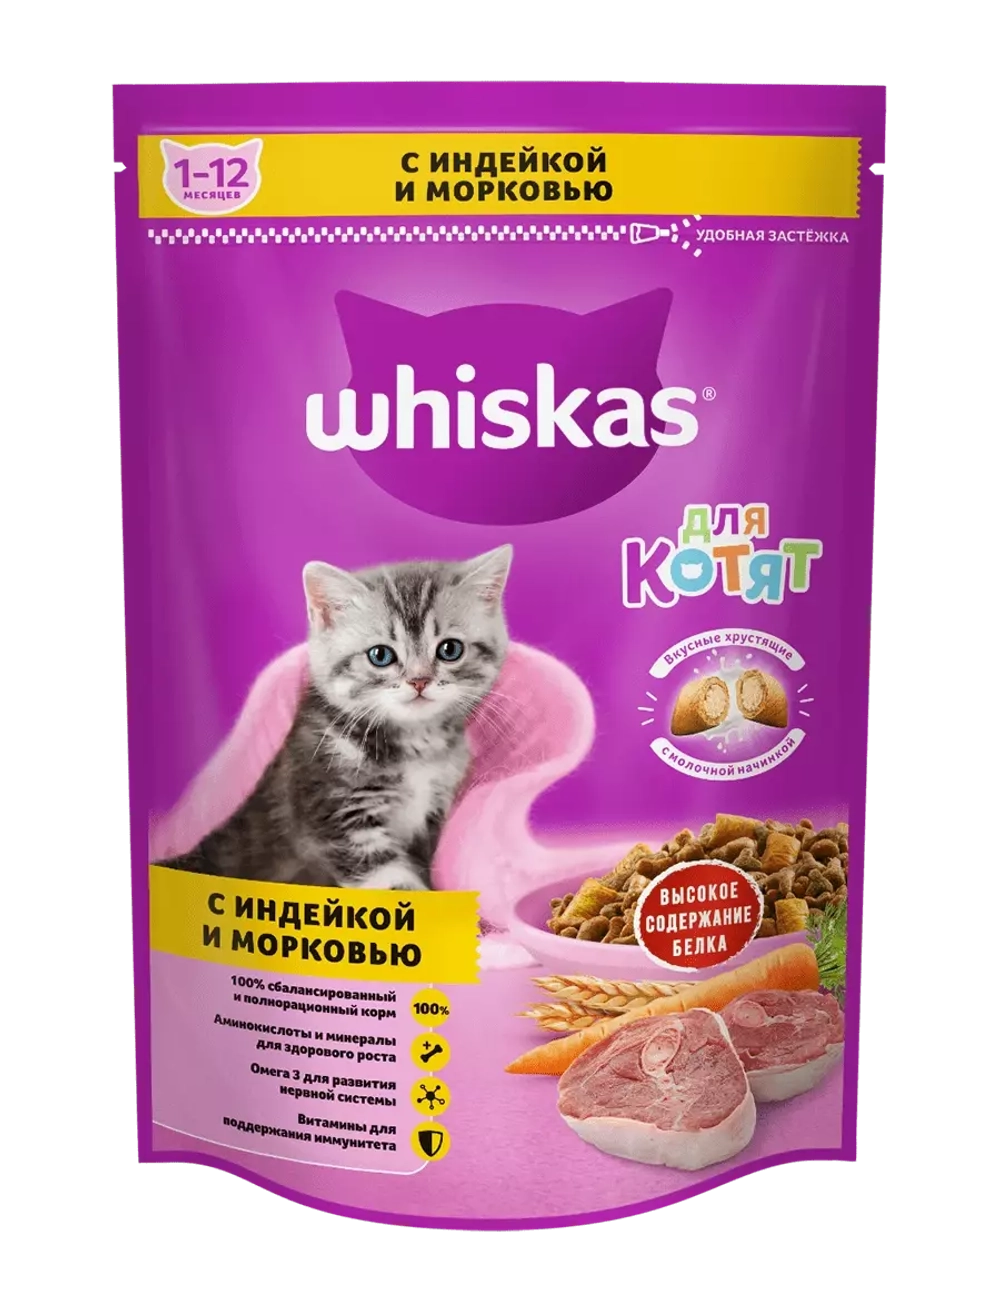 Whiskas корм для котят с индейкой и морковью, подушечки с молочной начинкой
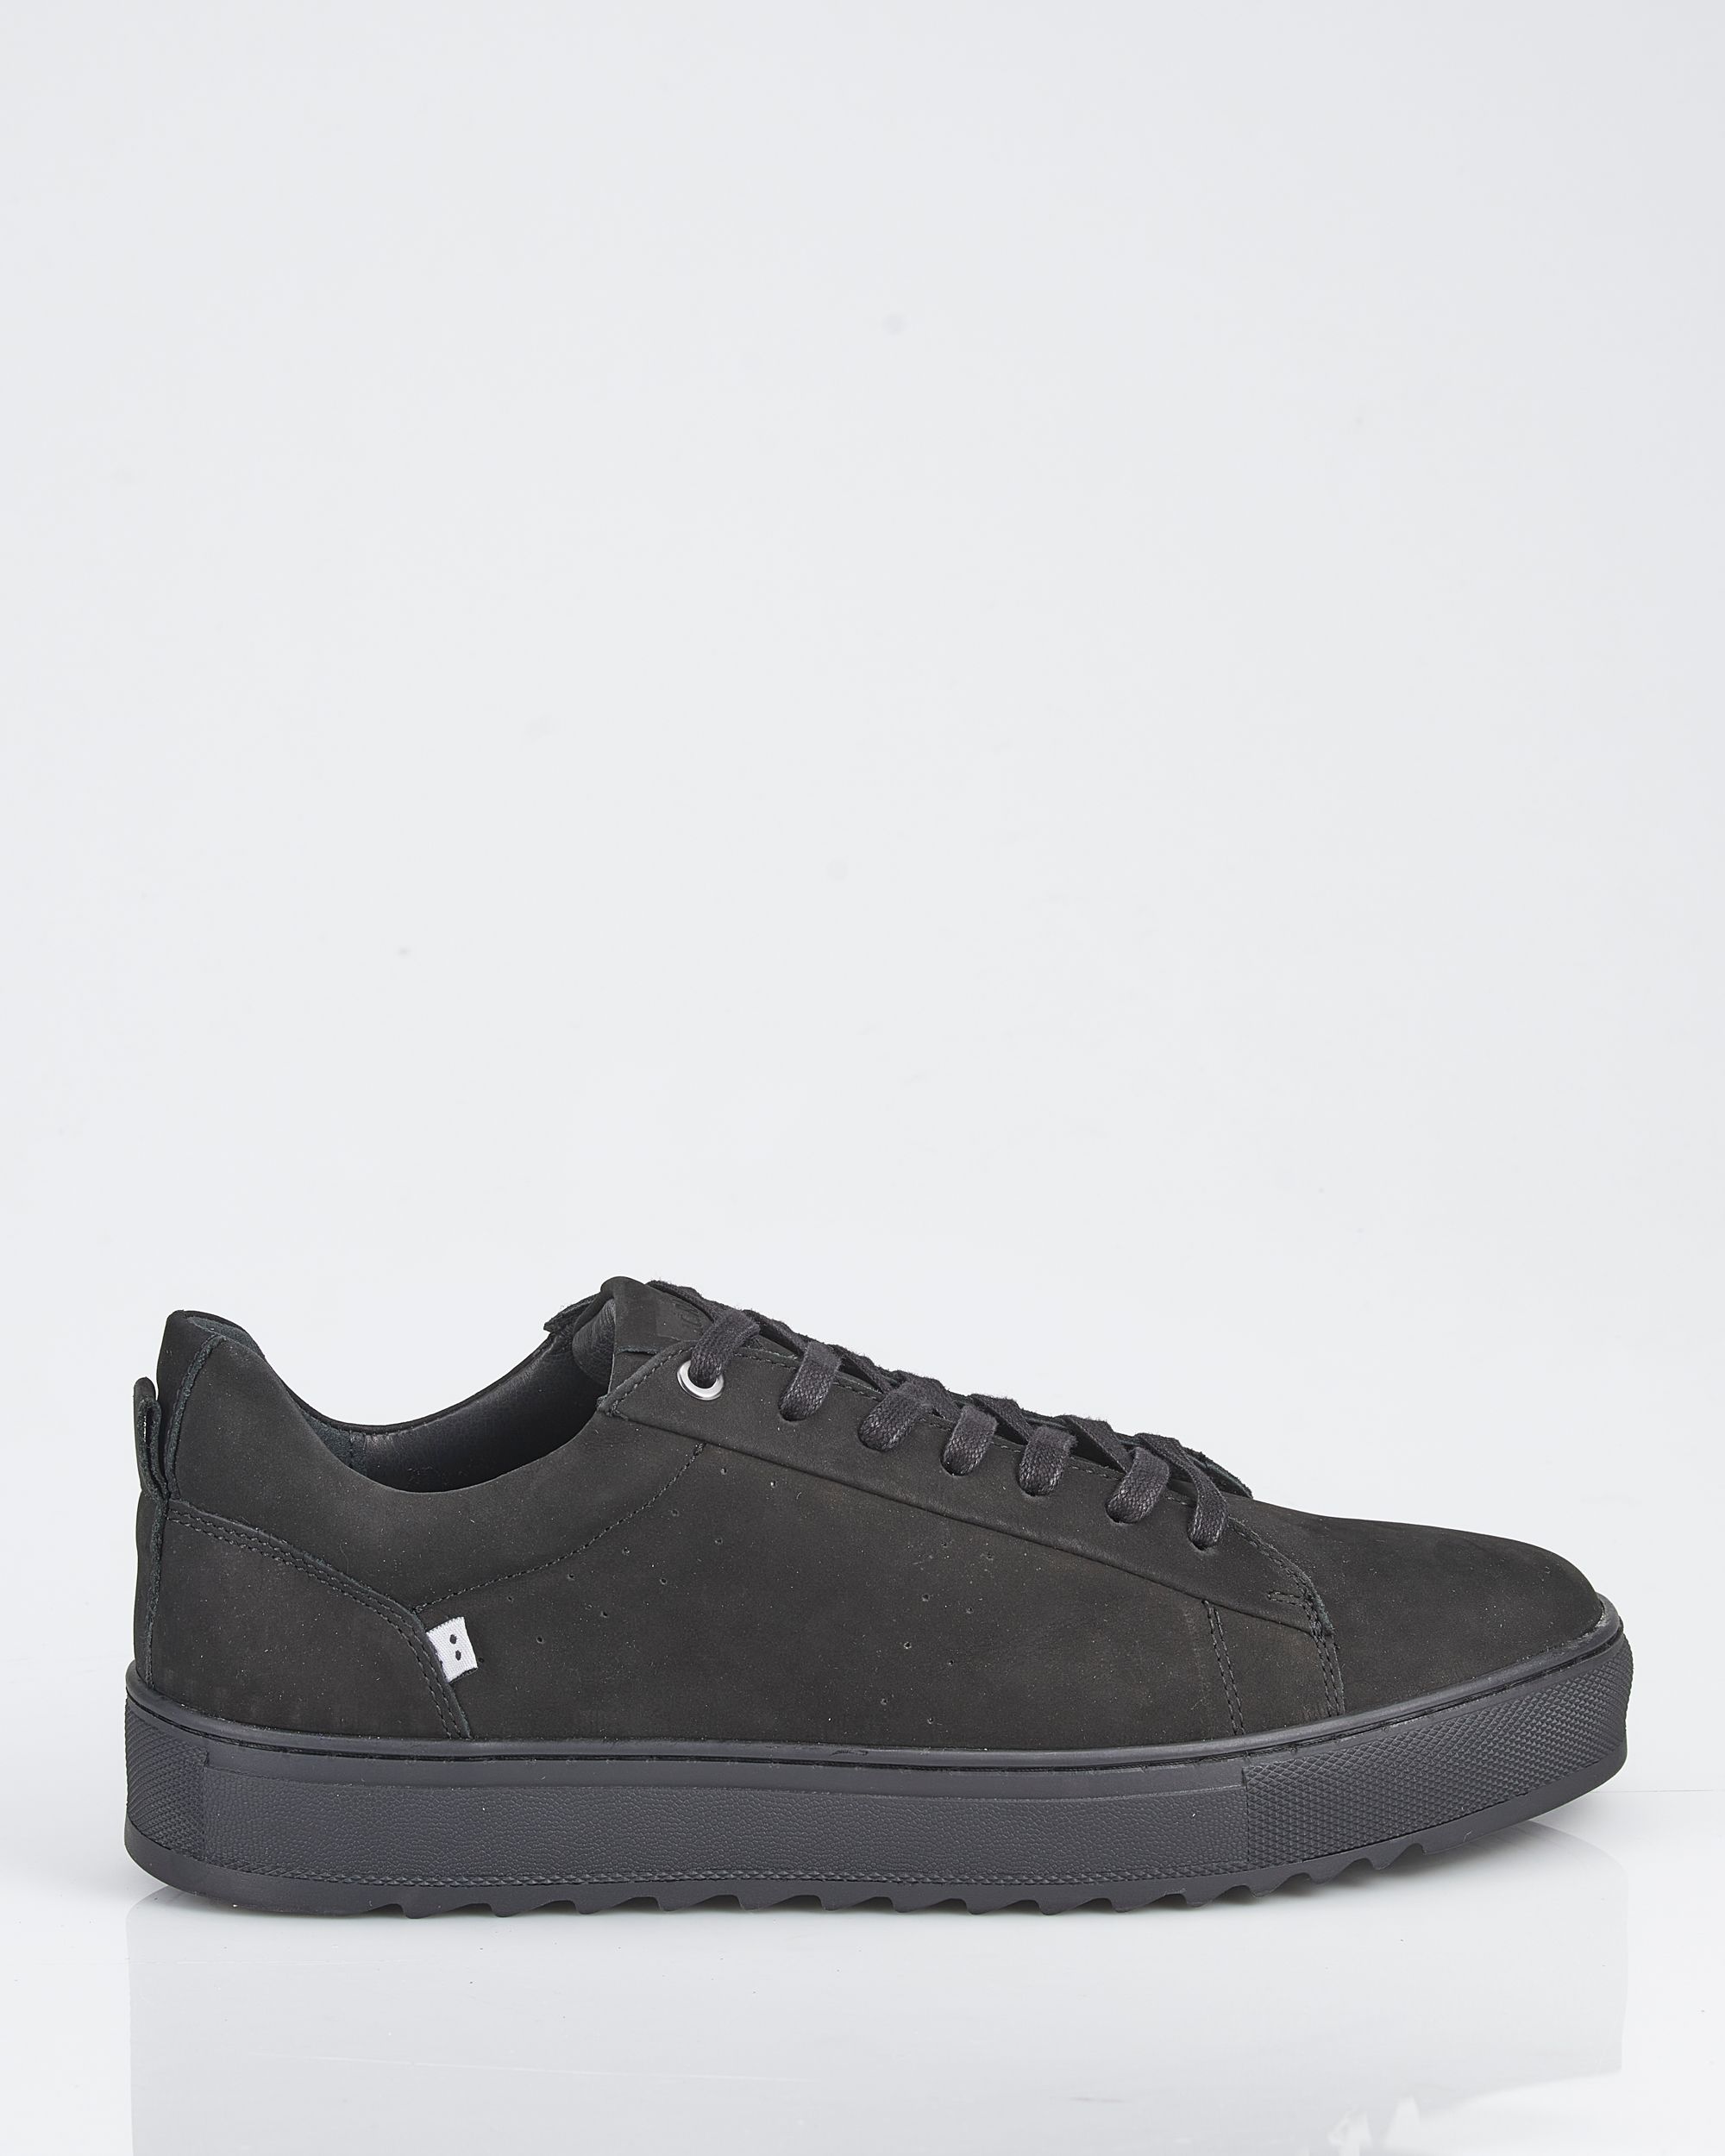 J.C. Rags Casual Sneakers Black 088304-001-41
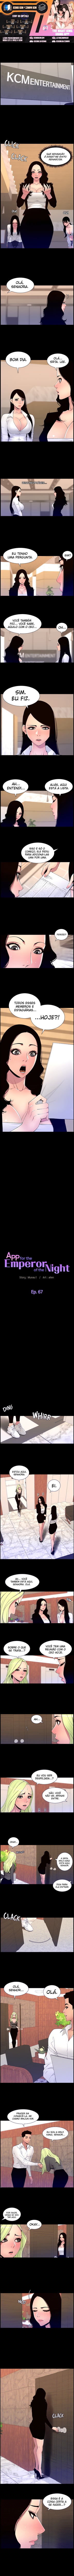 The Night King Using App 67 página 1
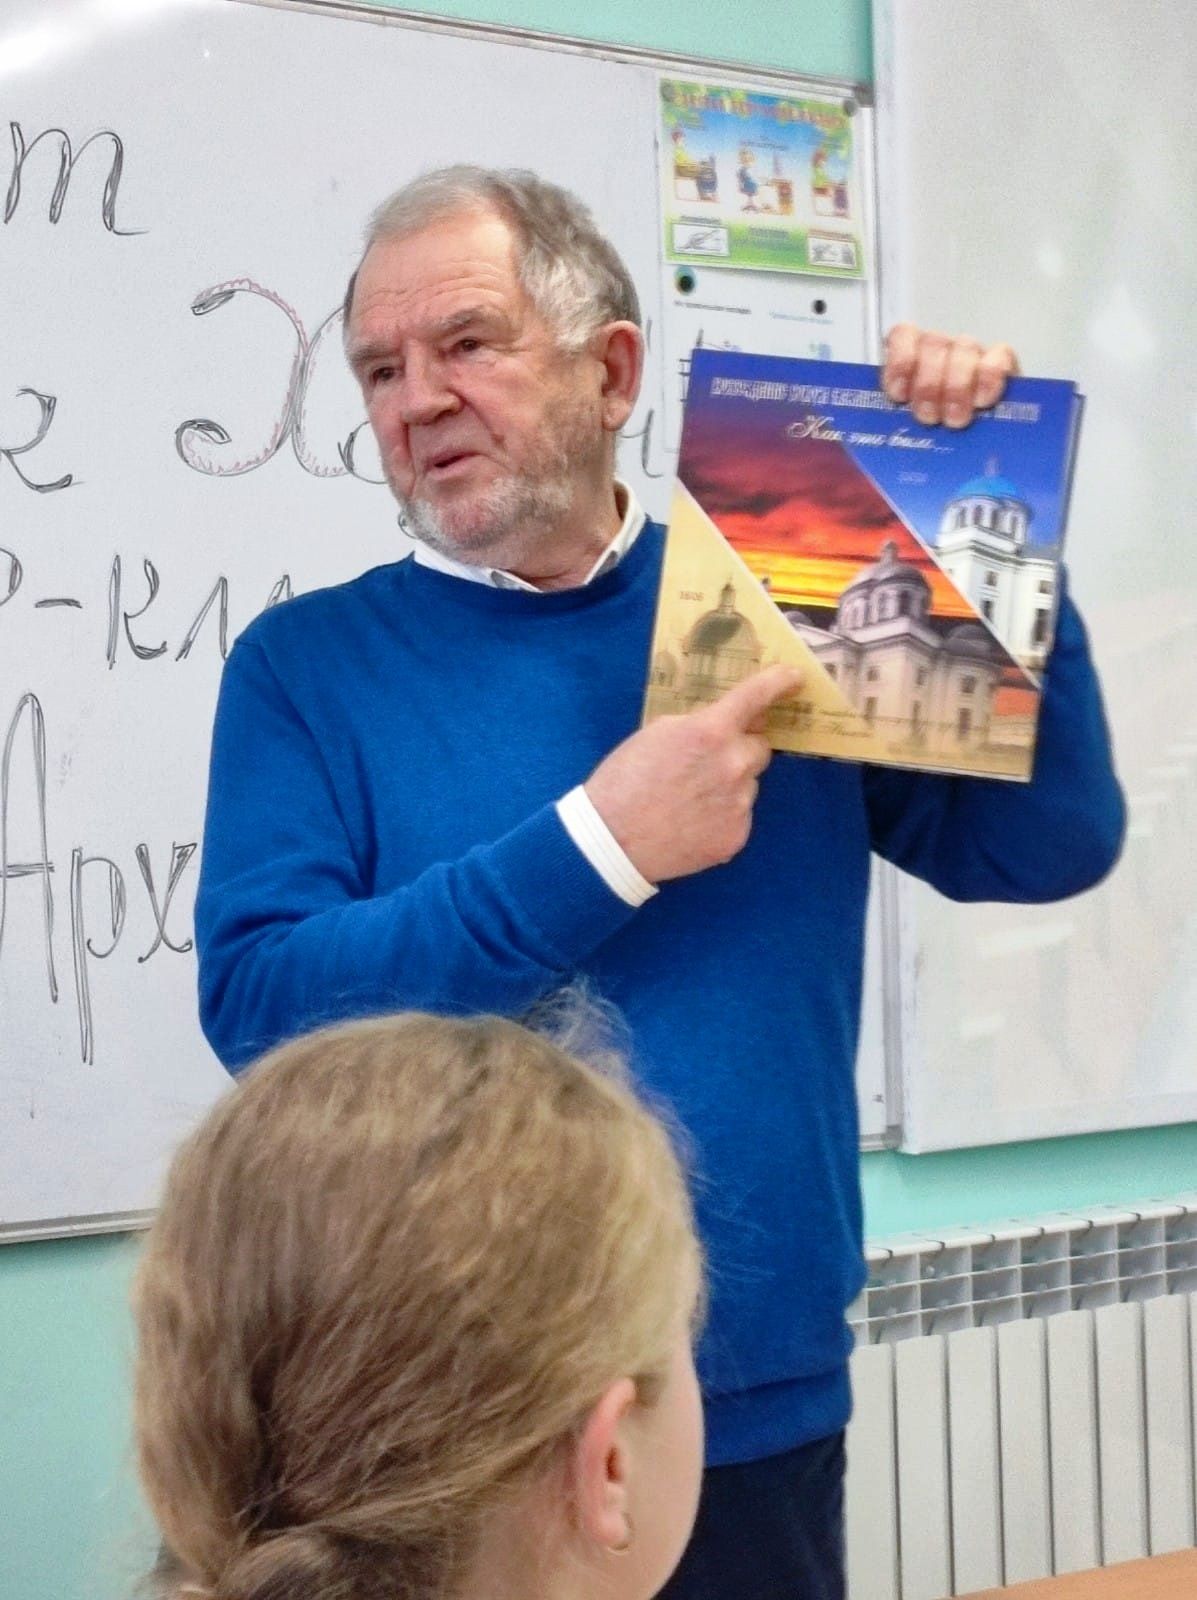 О чем говорил заслуженный архитектор России на мастер-классе в сельской школе
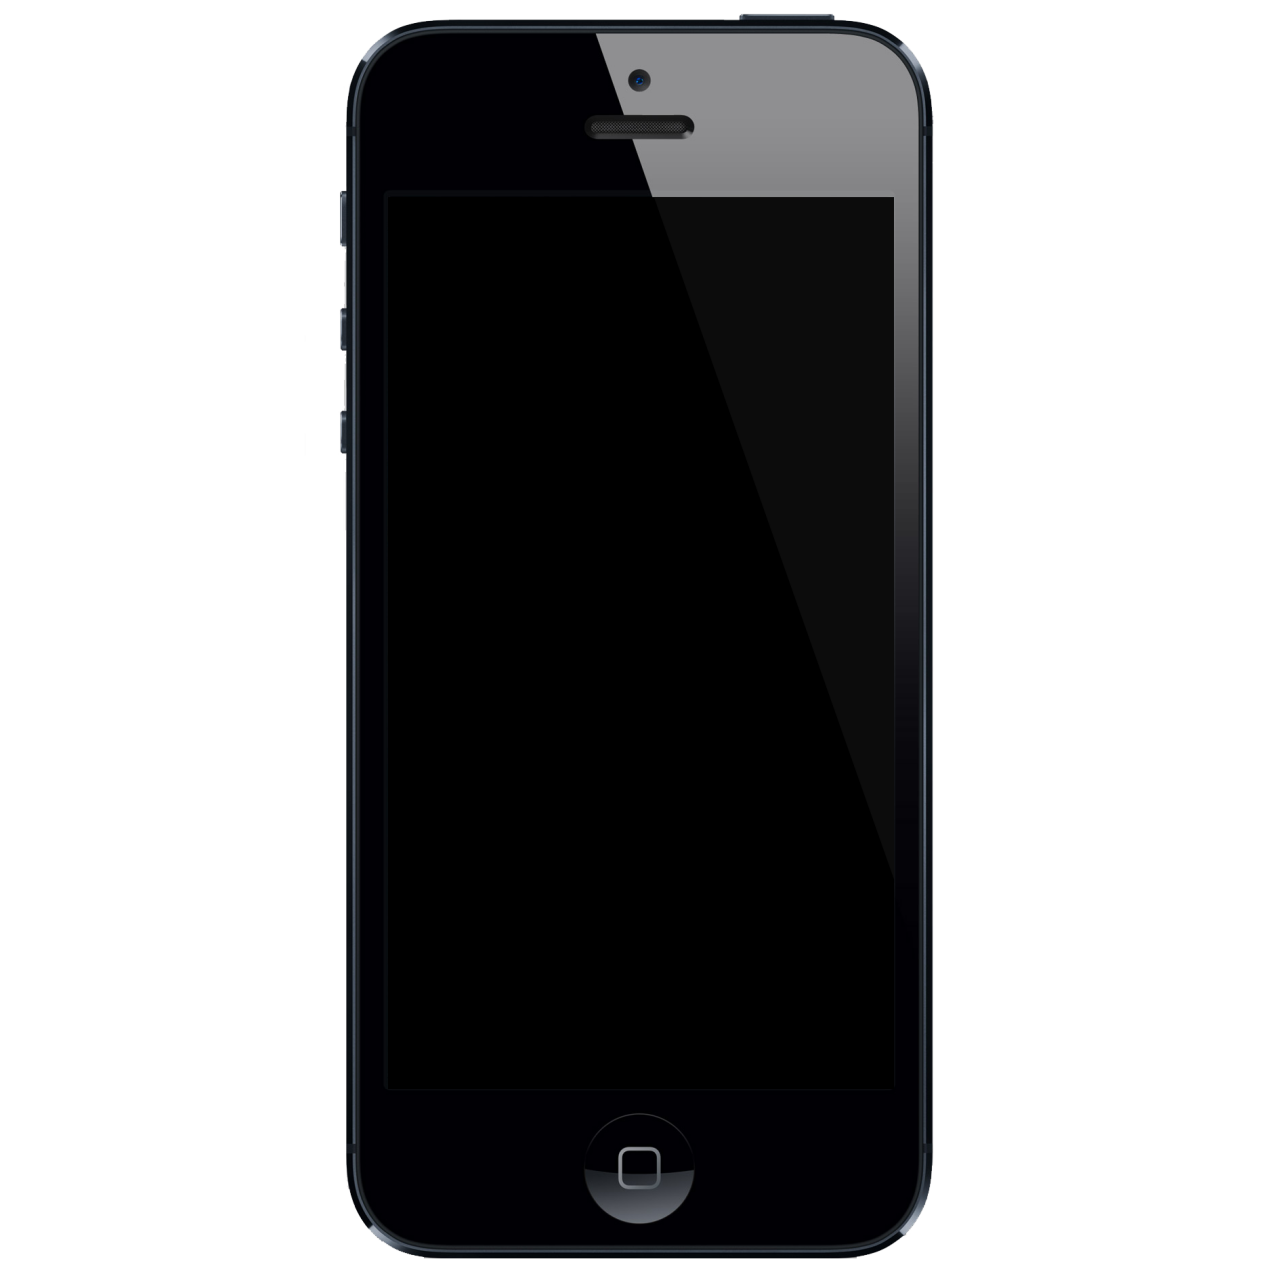 Tuto pour revenir à iOS 8 sur votre iPhone 6 et iPhone 6 Plus

★ ★ ★ ★ ★

Work to complete - Copy the records above exactly, leaving out every picture.

Answer to the exercise -
 Whiskas корм для котят с индейкой и морковью, подушечки с молочной начинкой
 J.C. Rags Casual Sneakers Black 088304-001-41
 The Night King Using App 67 página 1
 О чем говорил заслуженный архитектор России на мастер-классе в сельской школе
 Tuto pour revenir à iOS 8 sur votre iPhone 6 et iPhone 6 Plus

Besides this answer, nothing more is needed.